Telphusa fasciella

Scientific classification
- Kingdom: Animalia
- Phylum: Arthropoda
- Clade: Pancrustacea
- Class: Insecta
- Order: Lepidoptera
- Family: Gelechiidae
- Genus: Telphusa
- Species: T. fasciella
- Binomial name: Telphusa fasciella (Chambers, 1872)
- Synonyms: Adrasteia fasciella Chambers, 1872;

= Telphusa fasciella =

- Authority: (Chambers, 1872)
- Synonyms: Adrasteia fasciella Chambers, 1872

Species of moth

Telphusa fasciella is a moth of the family Gelechiidae. It is found in North America, where it has been recorded from Kentucky and Maine.
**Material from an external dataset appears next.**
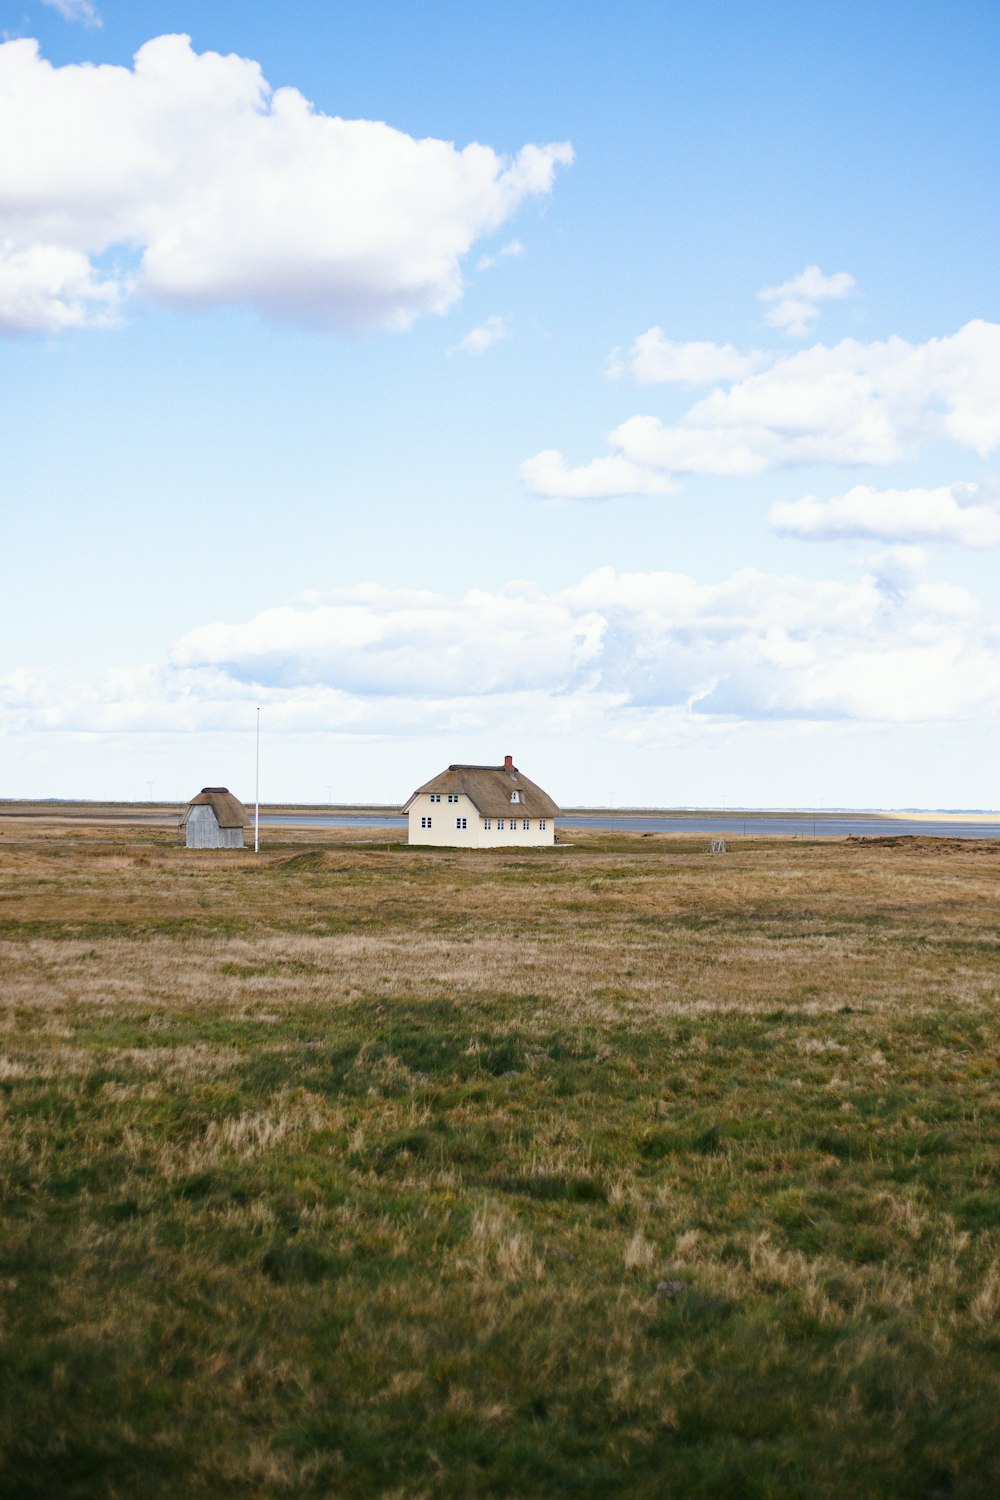 Casa blanca y marrón en campo de hierba verde bajo nubes blancas durante el día

The forewings are pale grey mottled with small dark brown spots, one of which is just within the dorsal margin near the base, another behind the first and on the costal margin, another just within the dorsal margin, about the middle, with a small one near it on the disc, a larger one about the end of the disc, with a small one near it on the costal margin, just behind which is a narrow angulated white fascia indistinct in the middle. There is a small tuft of ochreous scales on each side of the apex of the thorax, a scattered patch of raised scales about the basal fourth of the wing just within the costal margin, another behind it near the dorsal margin, another further back near the costal margin, and a row of scattered raised scales within the dorsal margin.